## [PROMPT]
All of the listing, from first line to last, should be output exactly; the pictures stay out.

## [GIVEN DATA]
- Opening Delimiter -

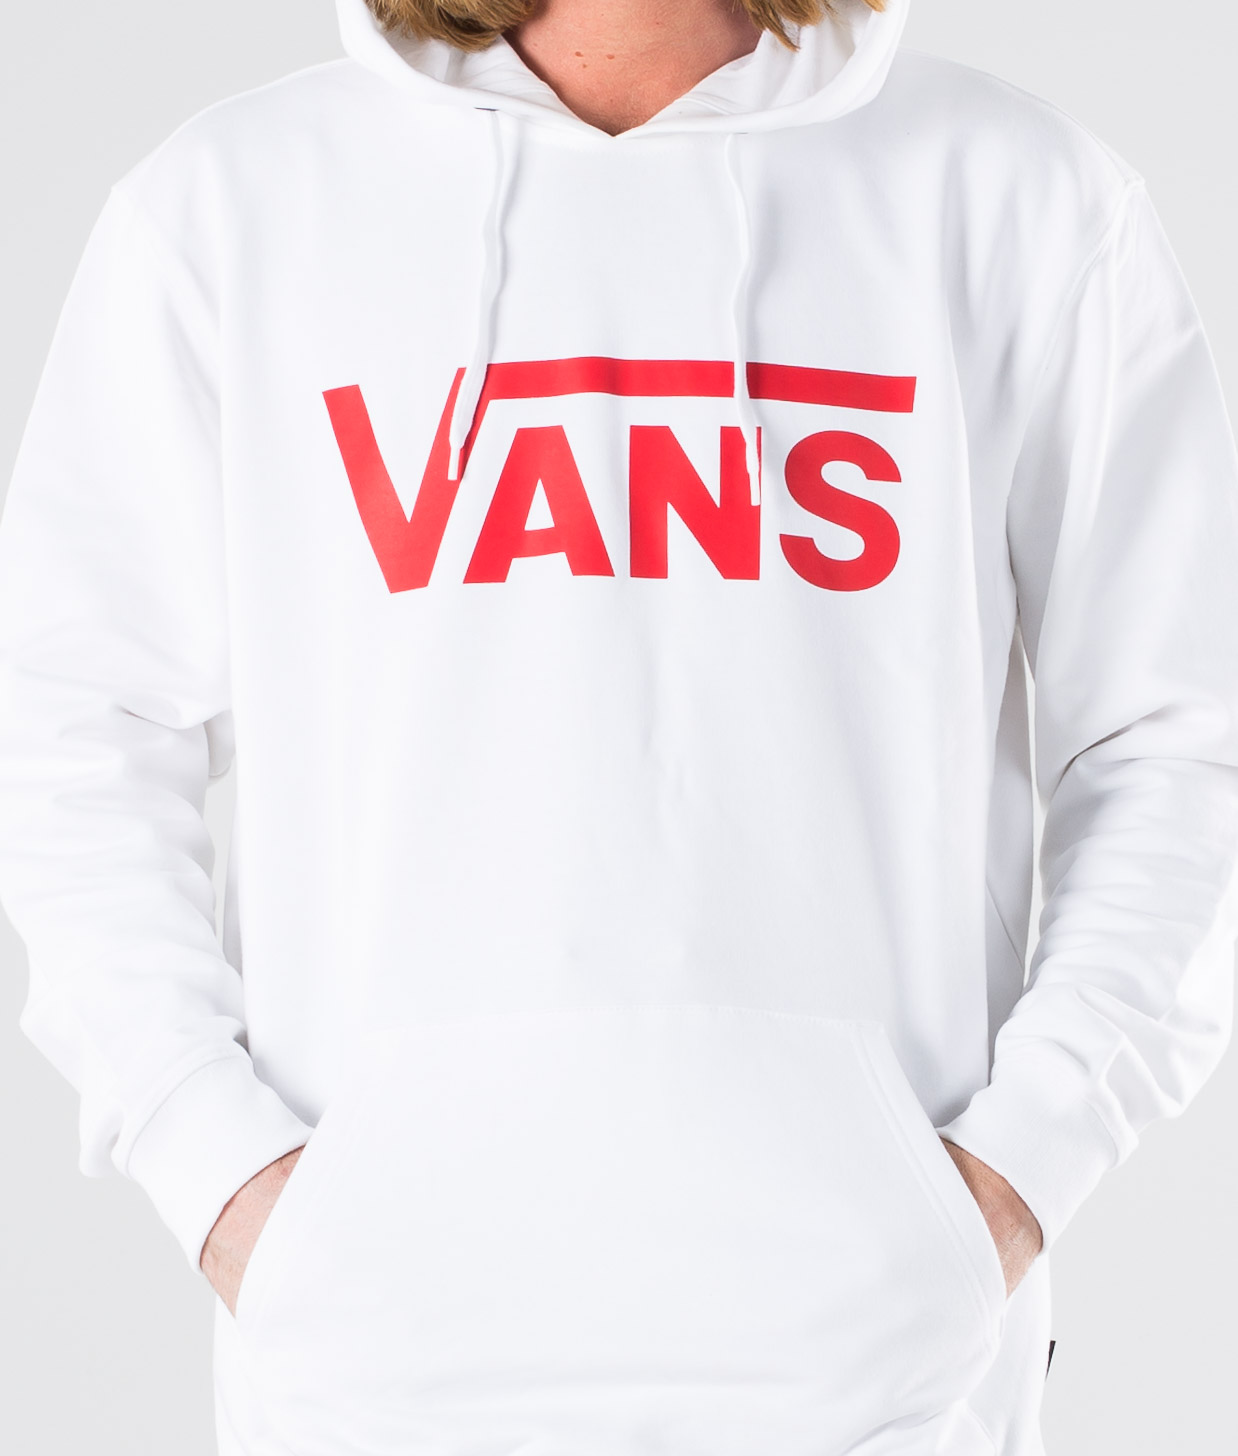 vans hoodie white and red
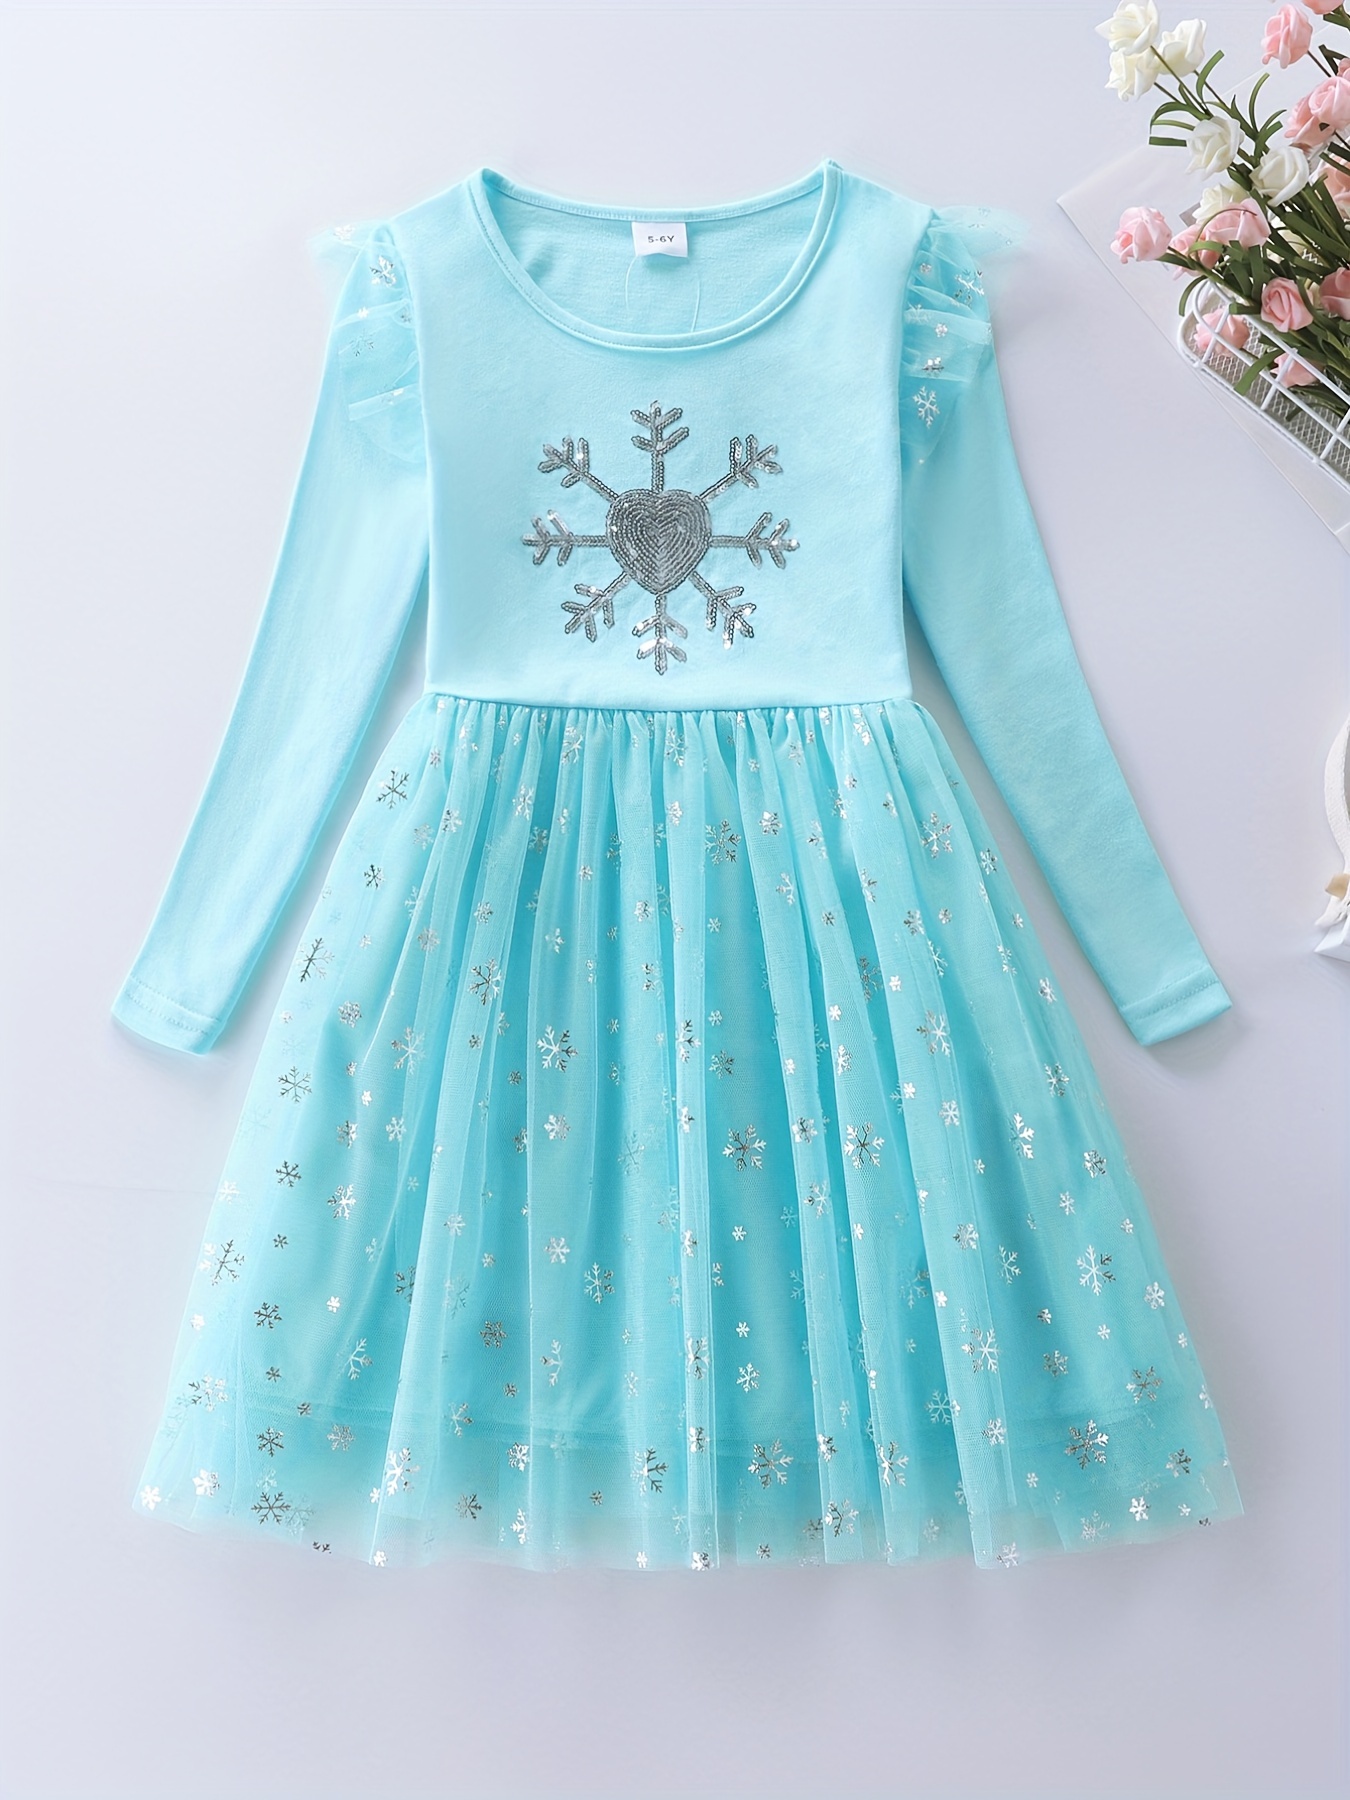 Girls Winter Holiday Dress  Snowflake Sleeveless Princess Dress
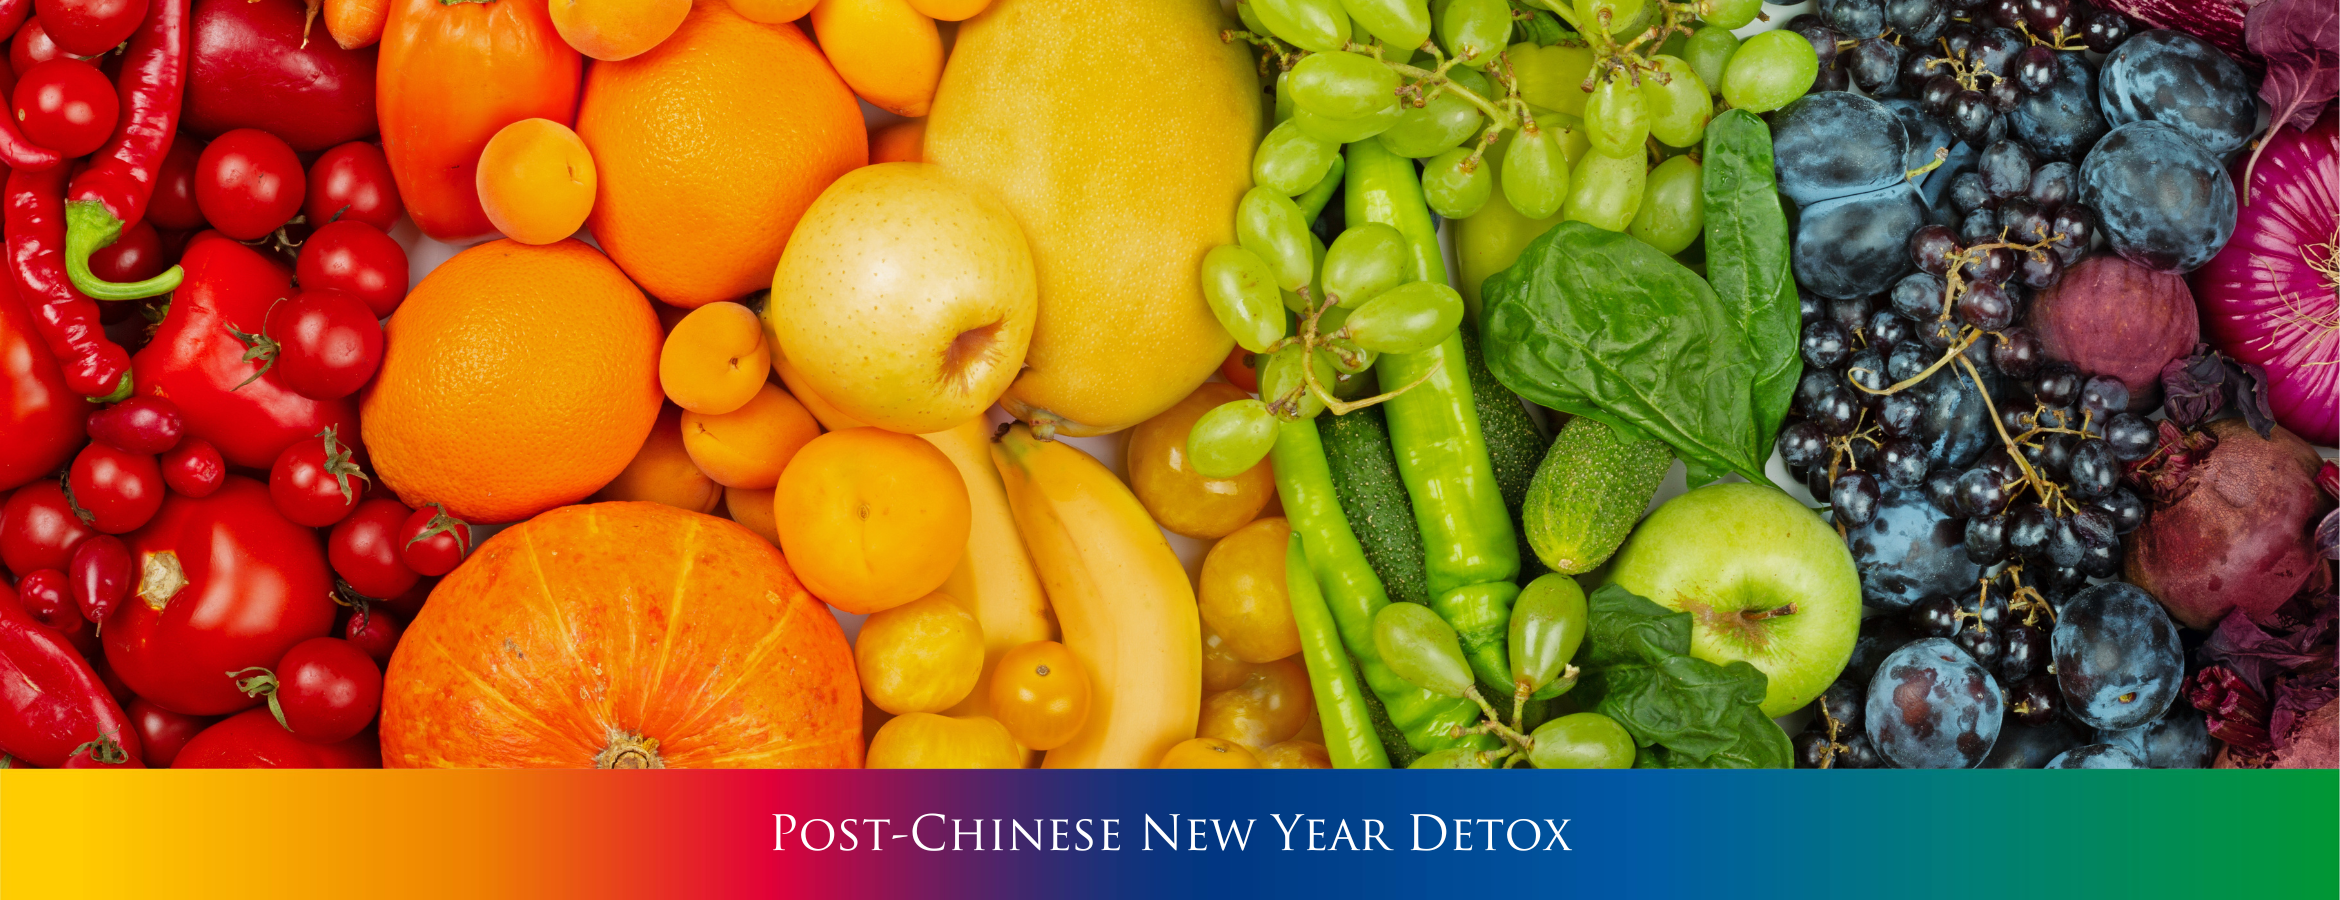 Post-Chinese New Year Detox

- Closing Delimiter -

## [TASK ANSWER]
 vans hoodie white and red
 Girls Winter Holiday Dress  Snowflake Sleeveless Princess Dress
 Post-Chinese New Year Detox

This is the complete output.